TLR Stimulation and Agents

HNECs were seeded onto 6-well dishes coated with collagen type I (Kurabo, Osaka, Japan) at 0.6 × 106 cells/well for 24 hours prior to subsequent analysis. The cells were washed with phosphate-buffered saline (PBS), followed by the addition of TLR agonists (Invivogen, San Diego, CA, USA) for 24 hours, unless otherwise described.

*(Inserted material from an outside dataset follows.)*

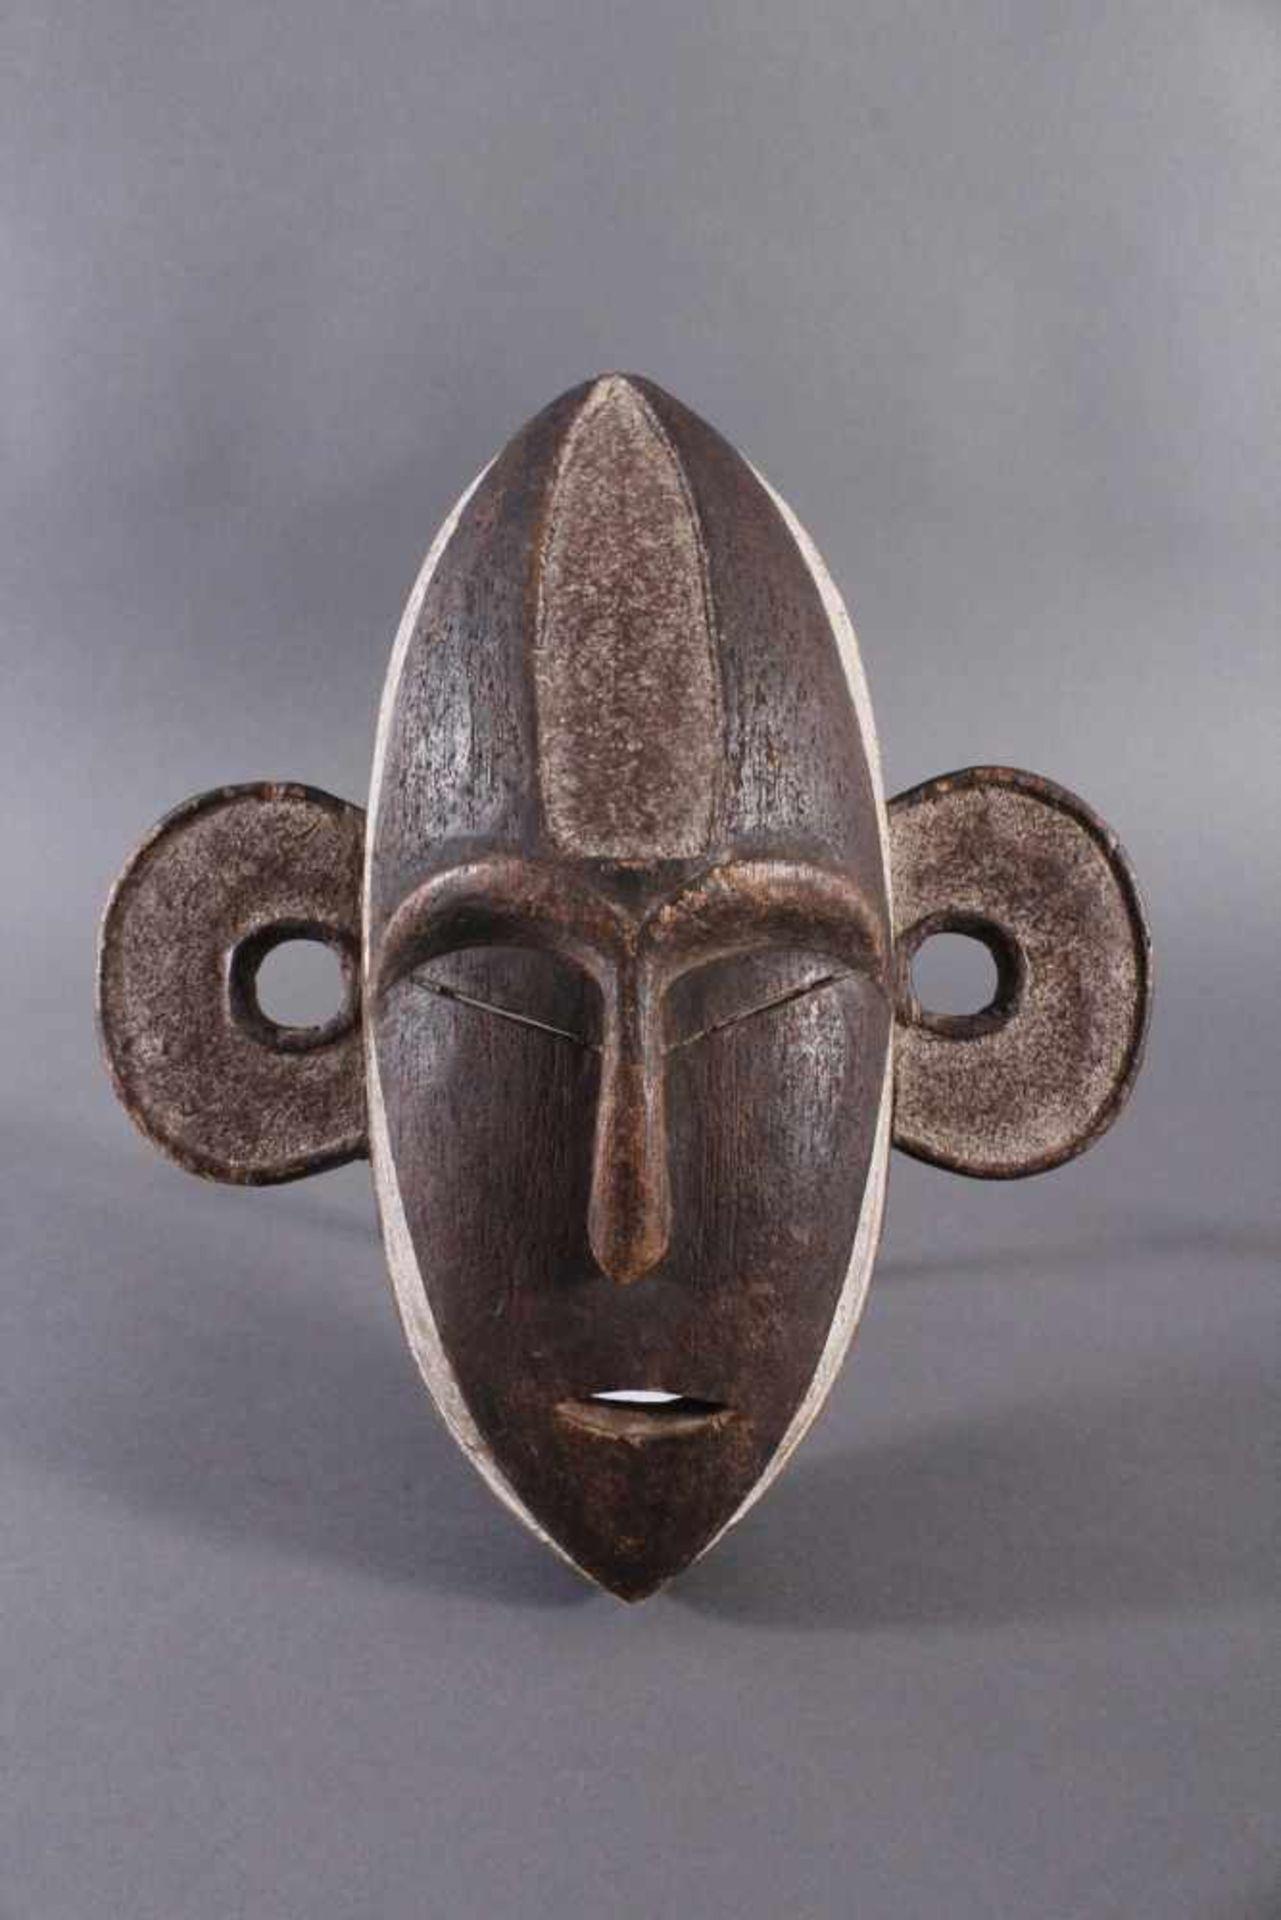 Antike Maske, Boa, Kongo 1. Hälfte 20. Jh.Holz geschnitzt, dunkle Patina, Reste weißer Bemalung,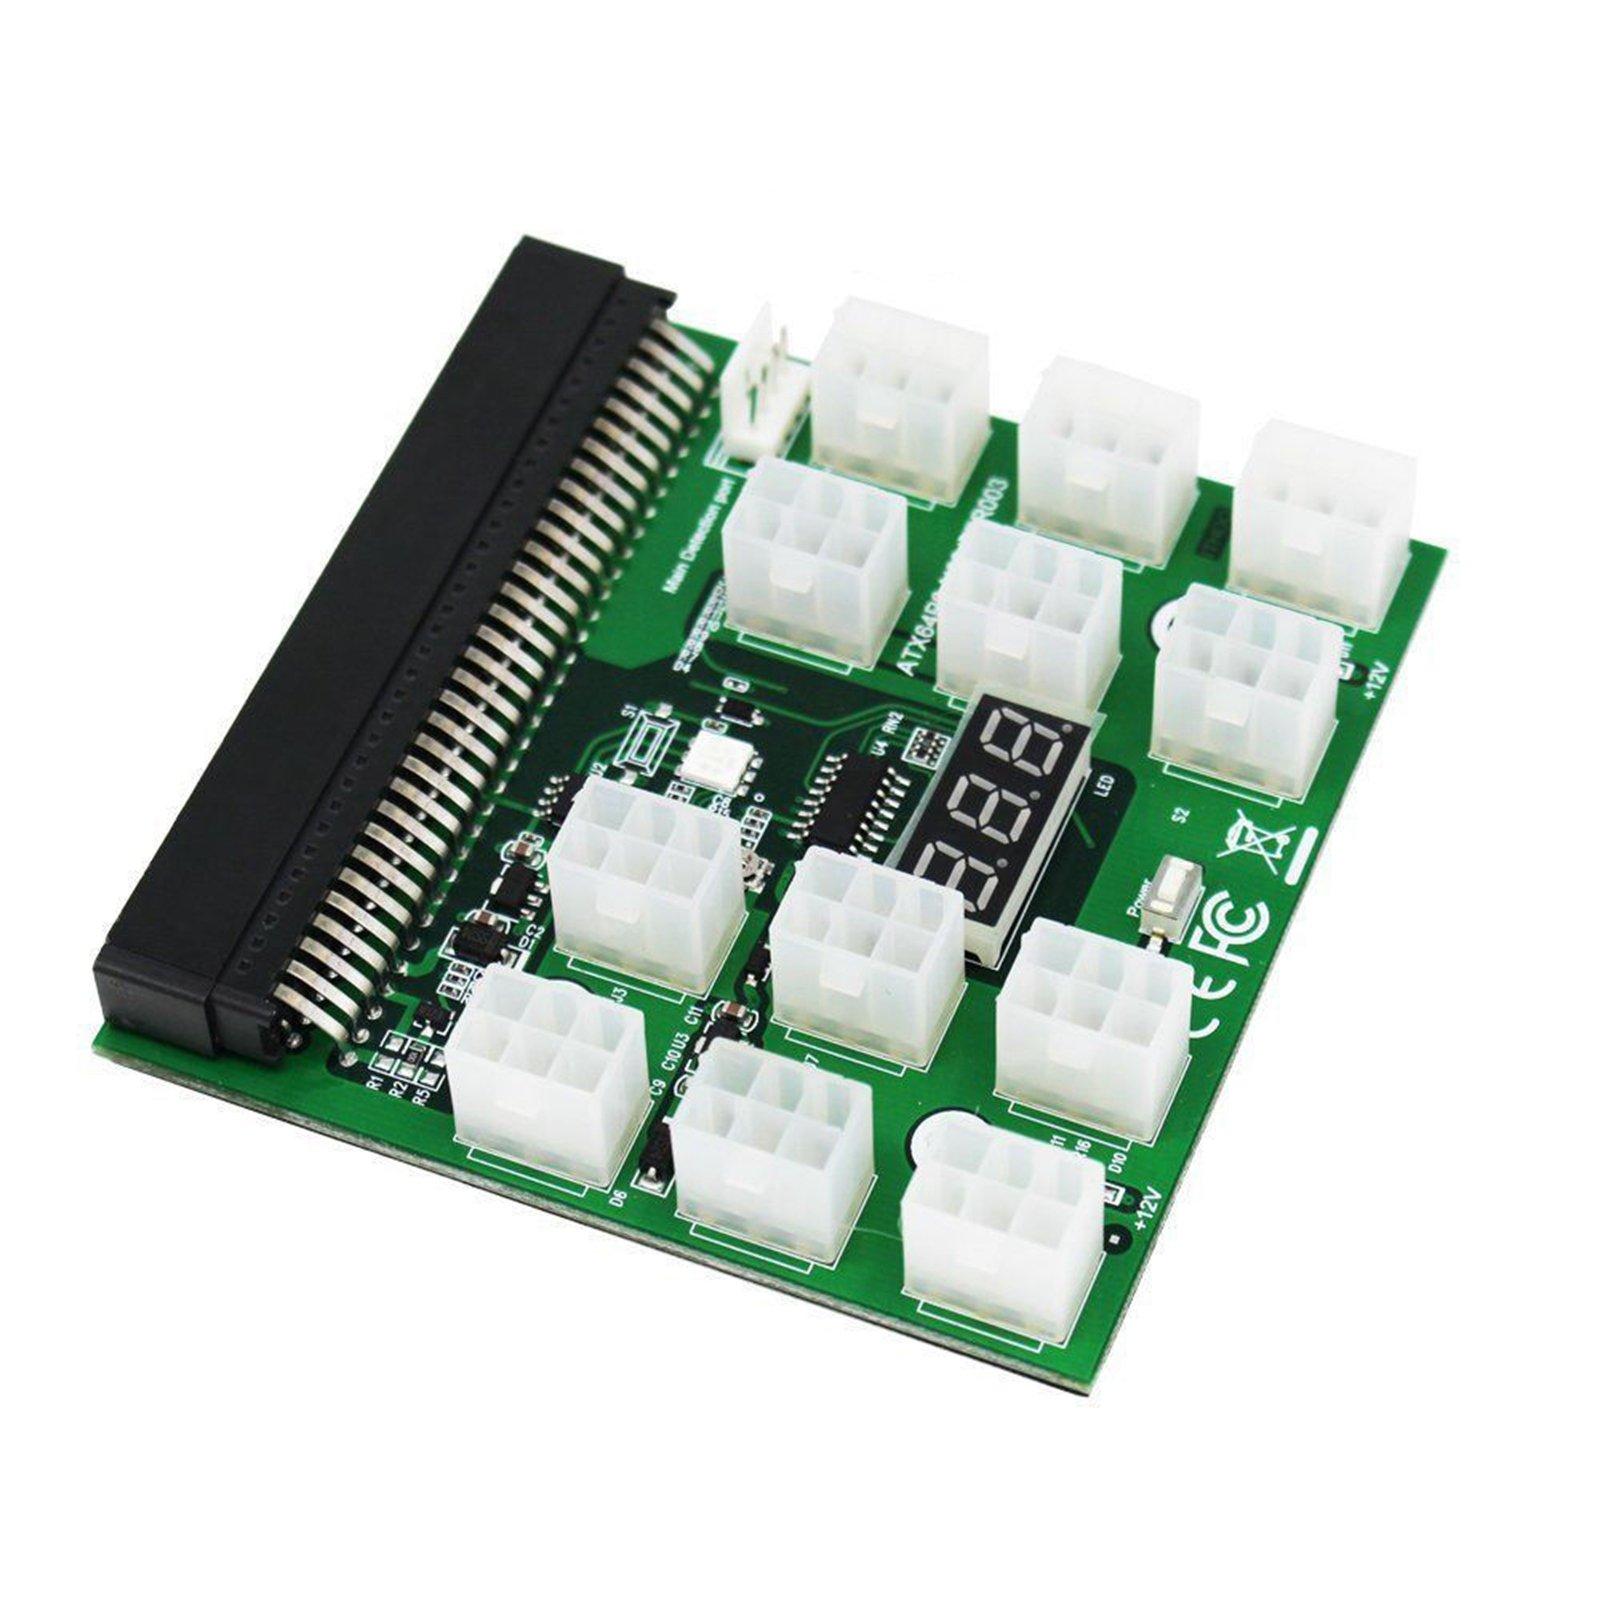 XBERSTAR 1200w/750w Breakout Board for HP PSU GPU Mining Ethereum ZEC ZCASH ETH with Button by XBERSTAR

The following dosages were used: TLR1/2 (Pam3CSK4) 1 µg/ml, TLR2 (HKLM) 108 cells/ml, TLR3 (Poly(I:C)) 10 µg/ml, TLR4 (LPS) 10 µg/ml, TLR5 (Flagellin) 10 µg/ml, TLR6/2 (FSL-1) 1 µg/ml, TLR7 (Imiquimod) 10 µg/ml, TLR8 (ssRNA40) 10 µg/ml, and TLR9 (ODN2006) 5 µM. In some experiments, fluticasone propionate (FP; Cayman Chemical Company, Ann Arbor, MI, USA) and JSH-23 (NFκB transcriptional activity inhibitor; Abcam, Cambridge, MA, USA), was added to the cells, 1 hour prior to TLR stimulation. The following dosages were used: FP 10 nM and JSH-23 30 µM, unless otherwise described. FP and JSH-23 were dissolved in dimethyl sulfoxide (DMSO). In experiments where FP or JSH-23 was used, corresponding DMSO control solutions were also used in parallel as controls.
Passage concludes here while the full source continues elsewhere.